I have found a lot of info on mapping and I'm looking forward to learning about GIS. And how to use the many free software utilities out there.
Where should I start?
Now the data is in a csv file format, but I could change that.
It seems that I want to get the information I have into a "shapefile" or a raster format.
I supose I could look up the formats and do this, but it seems that I havn't come accross the proper utility for this part of the process.
Thank You Peter
You can convert your coordinate into a shapefile to display them in QGIS, ArcMAP, or similar GIS programs. You probably want a polygon shapefile.
One easy way to do this is with the PySAL
>>> import pysal
>>> coords = [(0,0), (10,0), (10,10), (0,10), (0,0)]
>>> pts = map(pysal.cg.Point, coords)
>>> polygon = pysal.cg.Polygon(pts)
>>> shp = pysal.open('myPolygon.shp','w')
>>> shp.write(polygon)
>>> shp.close()
Note: pysal currently doesn't support (Z coordinates) but there are plenty of similar libraries that do.
Also notice the first and last point are the same, indicating a closed polygon.

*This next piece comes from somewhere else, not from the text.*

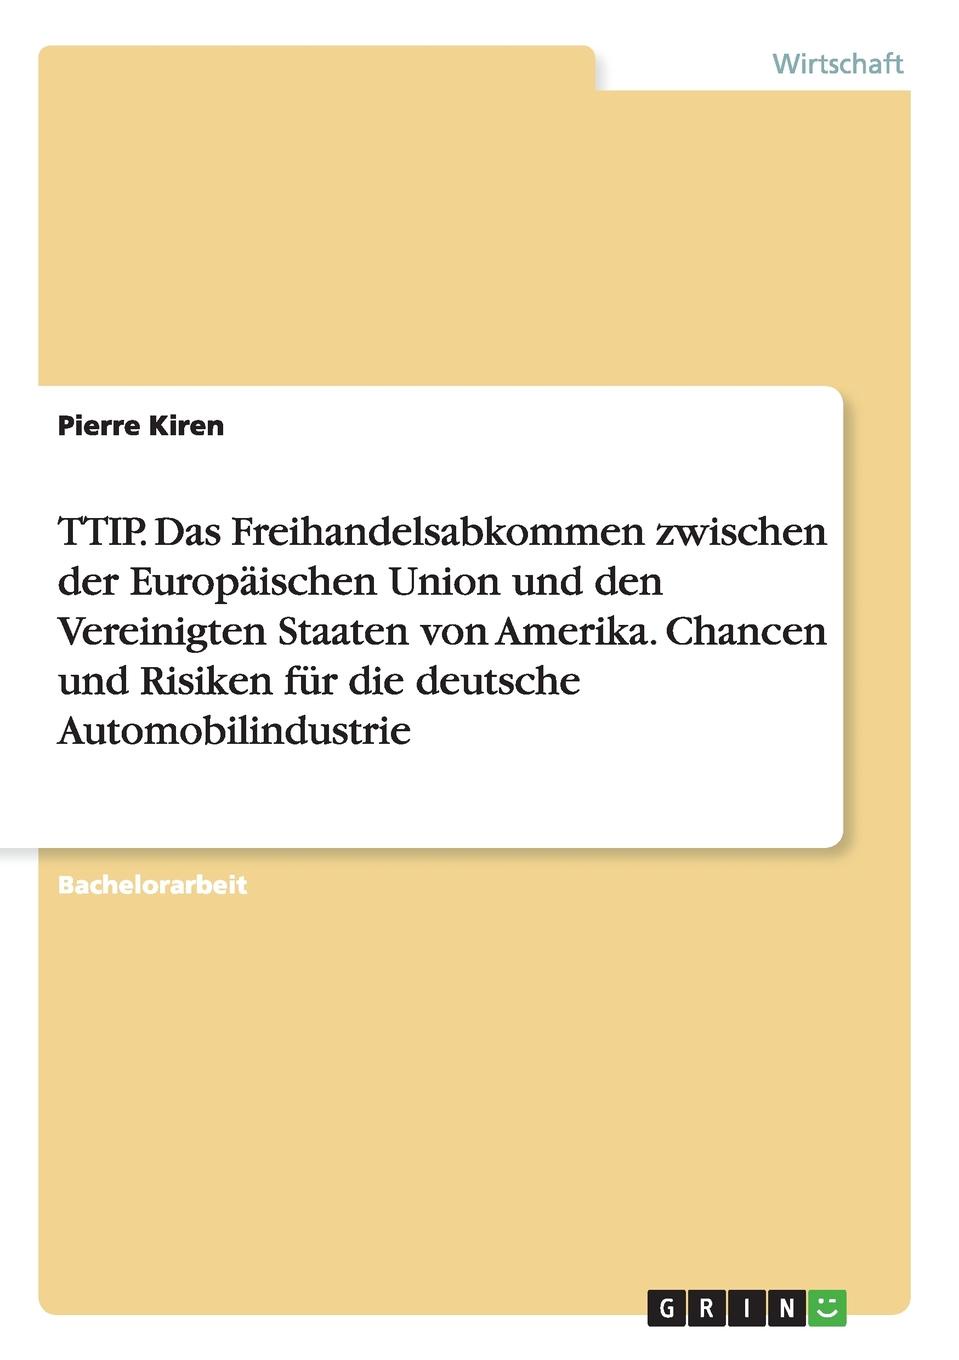 TTIP. Das Freihandelsabkommen zwischen der Europaischen Union und den Vereinigten Staaten von Amerika. Chancen und Risiken fur die deutsche Automobilindustrie
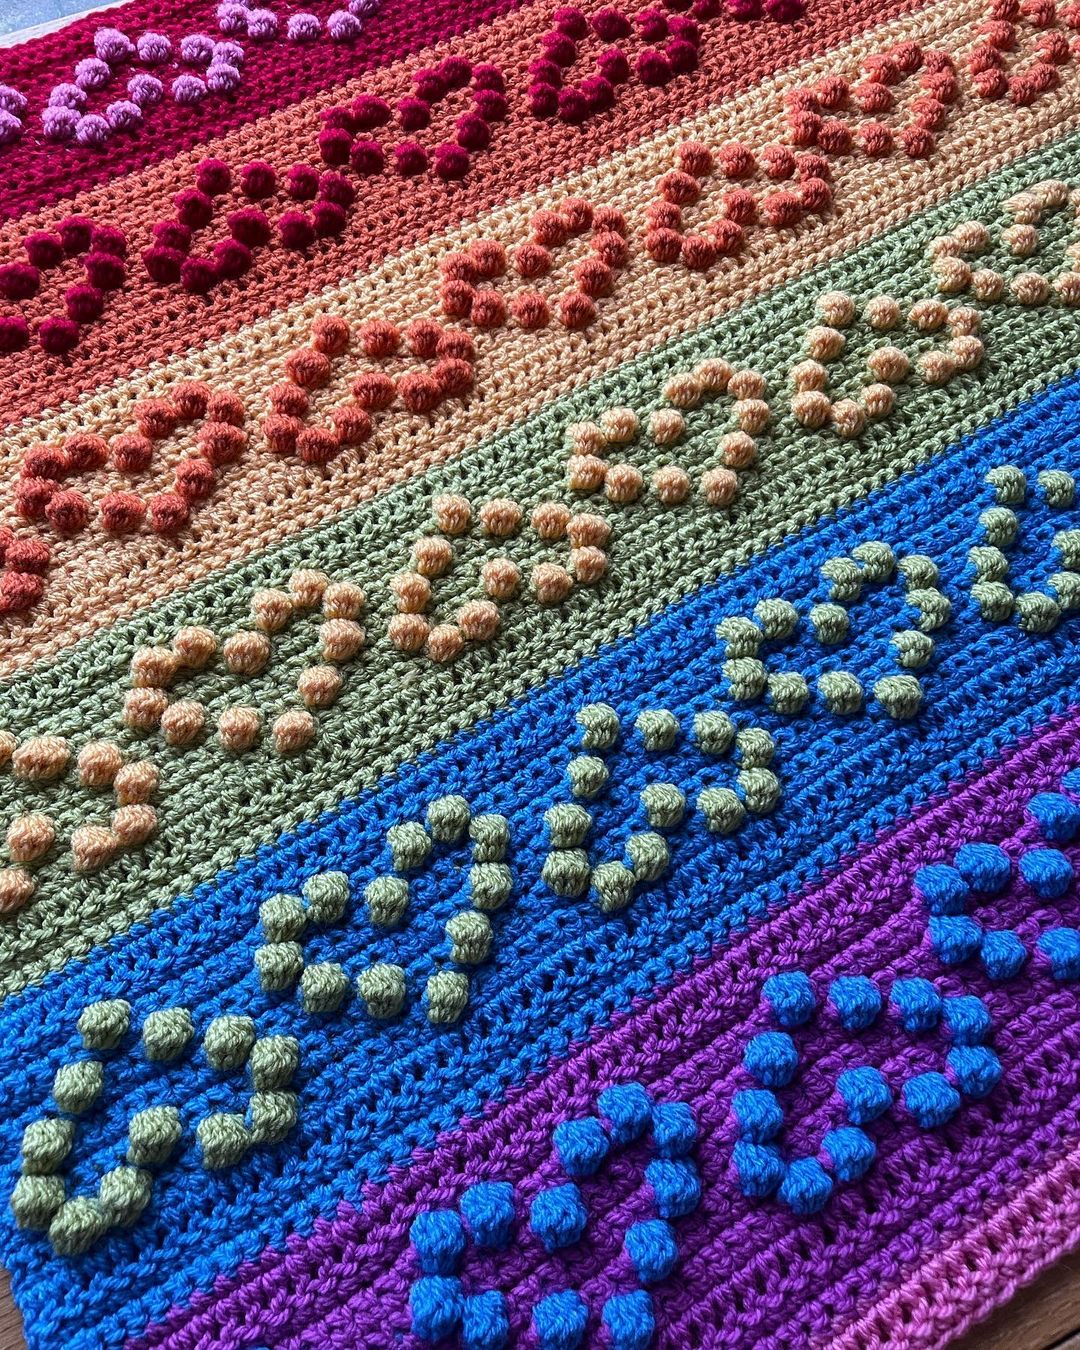 crochet heart bauble blanket pattern by Melu Crochet

If your X,Y,Z coordinates are GPS coordinates you'll be able to align your data with other GIS data easily by telling the GIS what projection your data is in (WGS84, UTM Zone #, etc). If your coordinates are in local coordinates (not tied to a grid like UTM, etc) you'll need to "Georeference" you coordinates in order to align them with other data.
Finally using the ogr2ogr command you can easilly export your data from shapefile to other formats like KML,
ogr2ogr -f KML myPolygon.kml myPolygon.shp
You can convert a CSV file into any OGR supported format. All you need is a header file for the CSV file.
Here you have an example:
<ogrvrtdatasource>
<ogrvrtlayer name="bars">
<srcdatasource>bars.csv</srcdatasource>
<geometrytype>wkbPoint</geometrytype>
<layersrs>EPSG:4326</layersrs>
<geometryfield encoding="PointFromColumns" x="longitude" y="latitude">
</geometryfield>
</ogrvrtlayer>
</ogrvrtdatasource>
In the datasource field you set the CSV file name.
In your case, you have points, so the example is ok.
The field layersrs indicates the projection of the coordinates. If you have longitude and latitude, this one is ok.
The geometryfields must contain the x and y properties, that define the columns in the CSV file that containt the coordinates. The CSV file must have a first line defining the field names.
Save the file with a .vrt extension.
Once you have this, use the ogr2ogr program, which you have if GDAL is installed.
If you want to convert the file to a Shapefile, just type in a console:
ogr2ogr -f "ESRI Shapefile" bars.shp bars.vrt
If your question is what to do with the data, you can check the gdal_grid utility program, which converts scattered data (as yours) to raster data. You can use the CSV with the vrt header file as the input, without changing the format.